Buenaventura, la nueva capital
del horror en Colombia
LaNacion - lunes, 24 de
marzo de 2014
"Es como si toda la maldad
de Colombia se hubiera concentrado en Buenaventura".
Monseñor Hernán Epalza habla con
voz suave, pero lo que tiene para contar hiela la sangre.
Después de todo, Buenaventura se
ha convertido en la nueva capital colombiana del horror y él es el obispo de
este puerto del Pacífico colombiano.
Esta es la ciudad de "las
casas de pique", donde bandas criminales de origen paramilitar, dedicadas
a la extorsión y el narcotráfico, descuartizan vivas a muchas de sus víctimas
antes de arrojar los pedazos al agua.
La ciudad donde el silencio de la
noche lo rompen los gritos de auxilio de aquellos que están siendo
desmembrados.
La ciudad de los desaparecidos:
al menos 150 entre enero de 2010 y diciembre del año pasado, según cifras
oficiales. Más del doble que cualquier otro municipio colombiano.
Y, como apunta un reciente
informe de Human Rigths Watch que da cuenta de estas atrocidades, lo más seguro
es que la cifra real sea mucho mayor, pues el miedo hace que muchas
desapariciones y otros crímenes no sean denunciados.
"La situación en
Buenaventura es una de la más alarmantes que hemos observado en muchos años de
trabajo en Colombia y en la región", dice su director ejecutivo para
América Latina, José Miguel Vivanco.
Y conversando con monseñor Epalza
uno entiende por qué.
"Nada más hace dos días
picaron a una pareja de personas, hombre y mujer", le cuenta a BBC Mundo.
"Es lo peor: desmembrar a
las personas. Y eso no es imaginación, eso es una vergüenza. Esa es la barbarie
de hasta donde ha llegado la violencia en Buenaventura", afirma,
indignado.
Cuando conversamos todavía faltan
algunos días para que el gobierno anuncie la completa militarización de
Buenaventura y lleguen los primeros 700 efectivos militares adicionales de los
2.400 llamados a devolver algo de tranquilidad a la ciudad puerto.

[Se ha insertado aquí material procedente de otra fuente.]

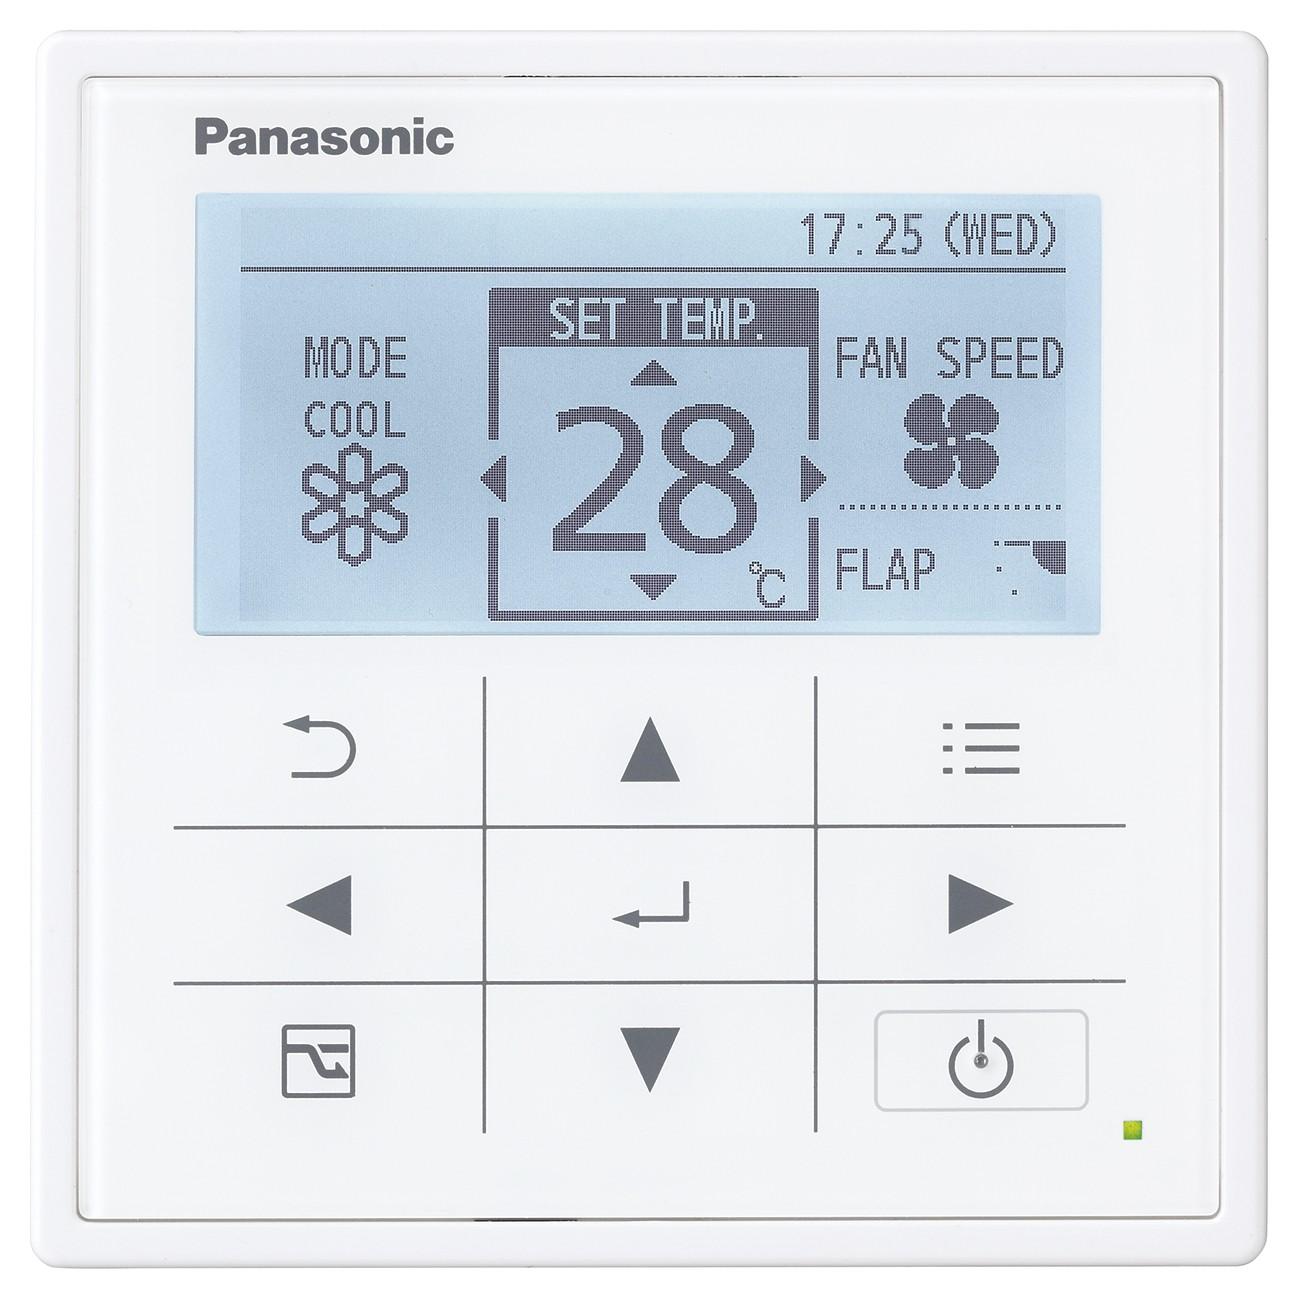 Panasonic inverteres klíma használati útmutató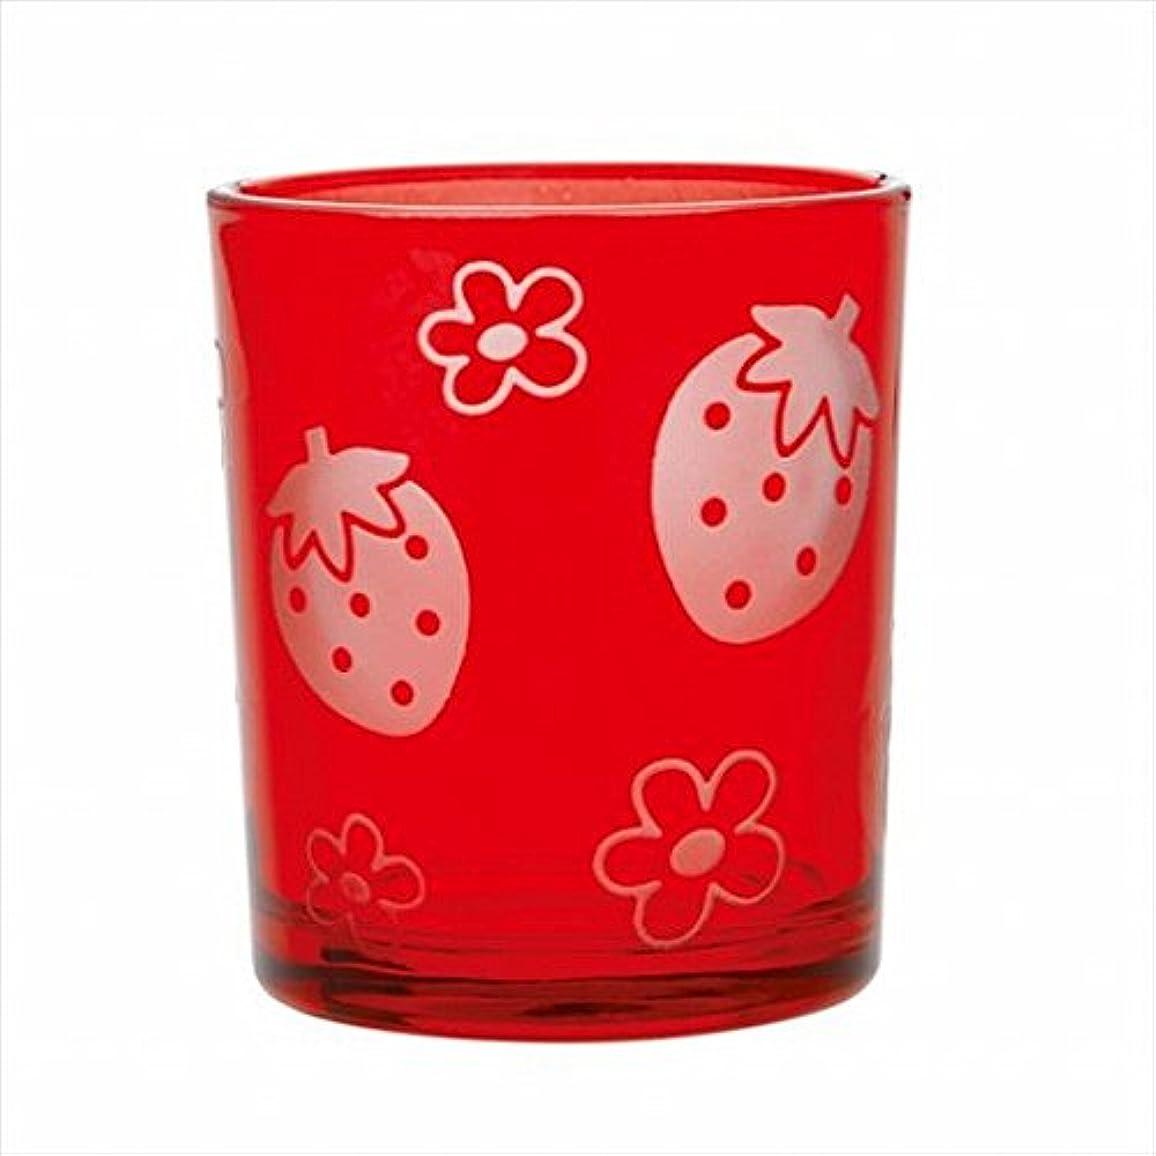 グリップモード将来のsweets candle いちごフロストカップ 「 レッド 」

Pero el obispo anticipa la medida
y me dice que no cree que ese tipo de decisiones baste para resolver el
problema.
"Por un lado está la
violencia de los grupos, pero también está la violencia
institucionalizada", explica refiriéndose al olvido estatal evidente en
los elevados niveles de pobreza de la ciudad, que en su opinión ayudan a
perpetuar el problema.
"La militarización no es la
solución. Buenaventura lo que necesita es inversión social", afirma.
"Cordial saludo de la
organización La Empresa".
Así empieza el más reciente
panfleto de la más antigua de las bandas criminales que operan en Buenaventura,
fechado el 12 de febrero y regado en las calles de Buenaventura, metido bajo la
puerta de las casas.
Según el comandante de policía
local, coronel José Correa, La Empresa controlaba las rutas para el tráfico de
drogas y la extorsión en Buenaventura hasta la llegada de una organización
rival, Los Urabeños, hace poco menos de dos años.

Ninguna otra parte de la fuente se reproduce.